Good advice, but not easy to do. It’s difficult for teachers and school and district leaders to identify effective edtech that meets the broad needs of diverse students, explained educators and technology experts in the edLeader Panel, “Quality Control: Why EdTech Product Certifications Should Matter to District Leaders.”

That’s where certification comes into play. Industry standards, urged the panelists, are critical to measuring the trustworthiness of product claims and completing product comparisons.

EdTech Selection: The Obstacles

There are thousands of edtech products marketed to schools and districts every year, with the constant push for educators to use more and more technology. Teachers and educational leaders are hard-pressed to decide what to choose from the glut.

Part of the selection challenge is limited product information—companies aren’t typically transparent about the theories and practices that shape their learning efficacy claims (usually, data are focused on engagement but not academic outcomes).

There is also a lack of a common language beyond the marketing spiel to highlight a product’s effectiveness rather than its “bells and whistles.” Educators tend to find themselves guessing about the ideal tool and its potential educational value without the guidance that could help them make informed decisions.

Compounding these obstacles is siloed school districts—especially large ones and particularly those seeking to enhance their MTSS/RTI systems—with decentralized processes for identifying student needs and appropriate interventions.

Certification: What It Means

The ideal edtech product is research based. This means its design reflects a theory of action; it’s focused on a specific learning perspective; it addresses learner diversity and variability (socio-emotional, learning differences and disabilities, ways of learning, ELL, racial equity, etc.); it’s backed by peer-reviewed research studies that support its effectiveness claim; and it demonstrates product transparency—creating public awareness (i.e., published on a company website) of a product’s evidence-based design.

These are among the comprehensive credentialing factors of Digital Promise’s edtech certification process that help districts and schools choose quality tools to benefit teachers and students nationwide, explained Vic Vuchic, Chief Strategy Officer at Digital Promise.

The process takes a multi-step approach to product certification (a solid model by which to measure other certification entities), working across the product development ecosystem (practitioner, researcher, and developer) toward effective design.

The organization partners with educators, educational leaders, and learners to document edtech selection, usage and impact. It assesses product developers who seek an area of certification and must collect research and evidence-based artifacts and then demonstrate how their tools reflect the research.

Assessors review the materials to determine whether products meet standards to merit certification. They also determine whether companies’ data platforms are about engagement (i.e., how many times tools were used or logged into) rather than gathering data about how the tools influence learning. Approved and certified products gain an “open badge” (open-source format) in various product indices.

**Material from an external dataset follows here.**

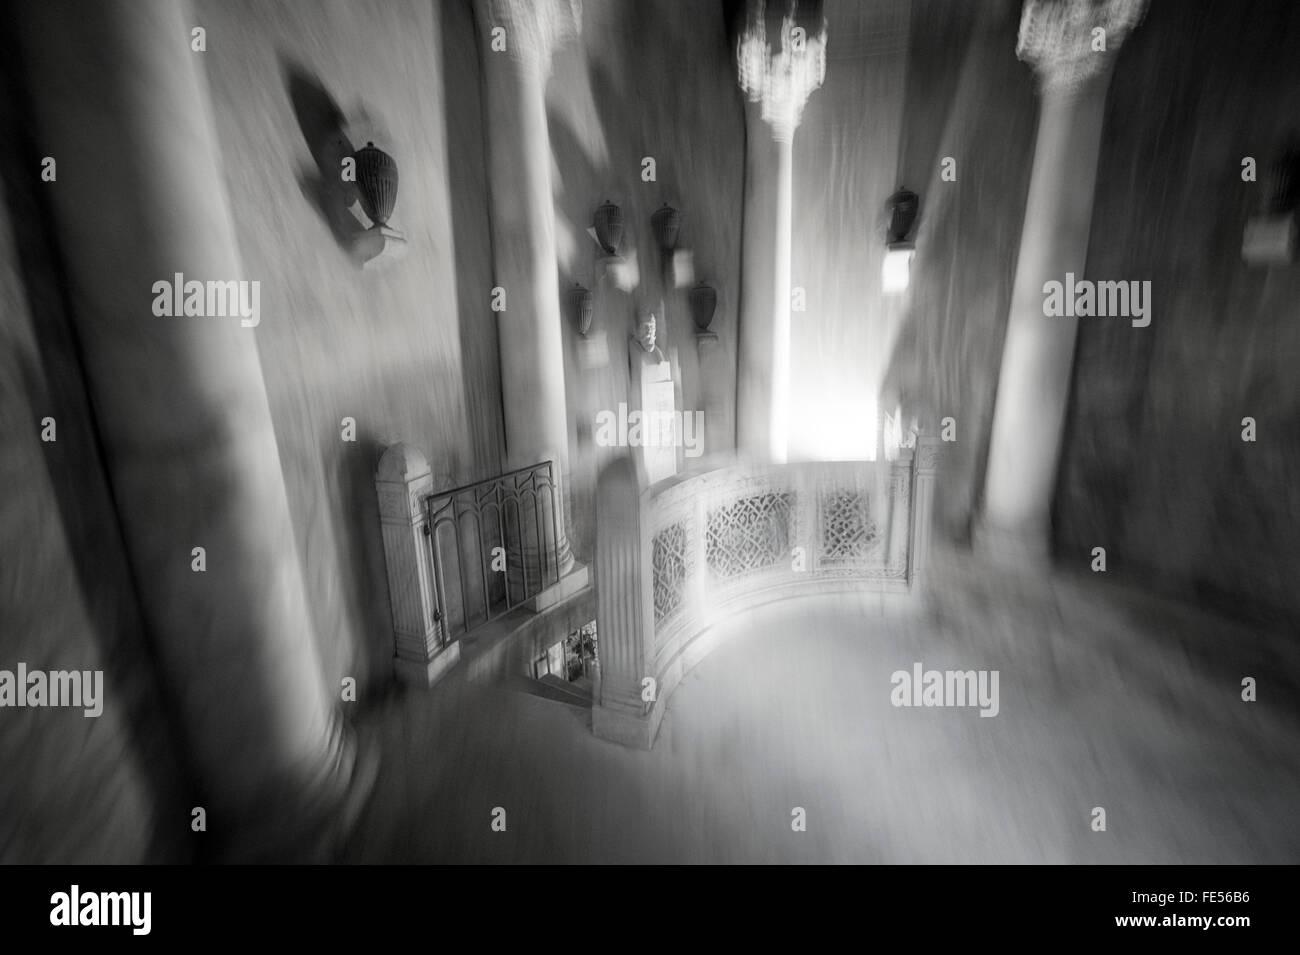 Deutschland, Frankfurt, Friedhof, Eingang der Grabkammer-Halle Stockbild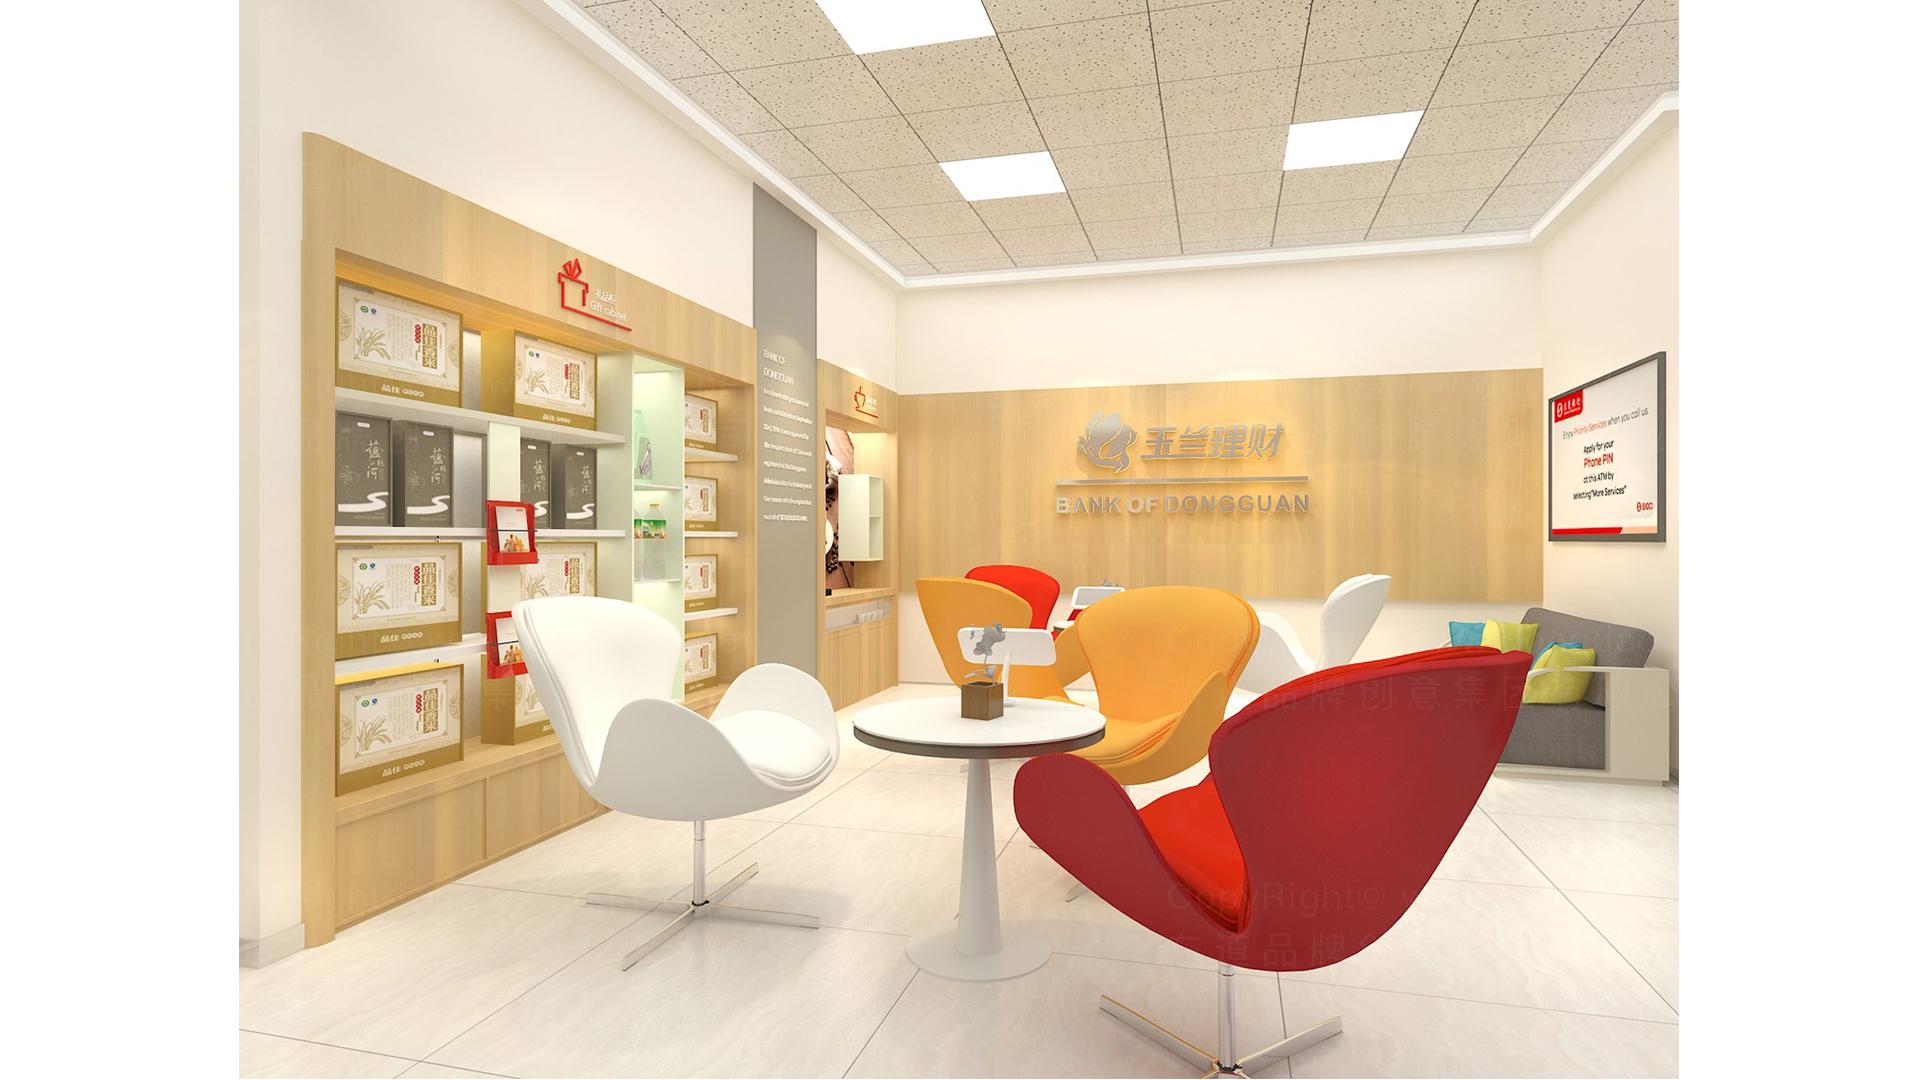 商业空间&导示东莞银行自助网点SI设计应用场景_3

Ideally, when districts and schools select certified products, the vendor should work closely with educators and leaders to identify and target student needs to offer the proper tech intervention. For example, Branching Minds, a certified provider, gives districts, schools, and teachers learning science-based insight into why students struggle and then helps shape personalized learning through enhancements to existing MTSS/RTI practices toward more definitive impact and outcomes.

Maya Gat, Co-founder and CEO of Branching Minds, said that such customized engagement highlights the role of an edtech product as a collaborator and partner in solving real problems and finding solutions for schools and districts, rather than an eager vendor simply marketing wares to capture money.

Making the Decision: Strategies and Considerations

Even though certification has narrowed the range of edtech options, school and district leaders must discover students’ academic needs to align them with appropriate technology.

Dr. Ann White, Associate Superintendent for Student Services in Charlotte-Mecklenburg School District (NC), described her district’s approach to the process. Based on her experience, here are a few steps districts might put in place: 

  • Centralize the intervention process by establishing a district standard treatment protocol aligned with student need areas across schools.
  • Issue RFPs to find a vendor. Establish a cross-functional team of principals, teacher leaders, and district staff to review and discuss products. It’s a lengthy process, but these conversations can lead to discussions about instructional planning and equity that addresses achievement gaps to help all students succeed. 
  • Once a vendor is on board, collaborate to monitor the process of identifying learner needs and appropriate interventions. It is a layered conversation that takes time.
  • Recognize that there is no dream product. Vendors often must convince districts that their edtech choices must be guided by research and evidence.
  • Accept that digital is not always the right approach to learning and teaching.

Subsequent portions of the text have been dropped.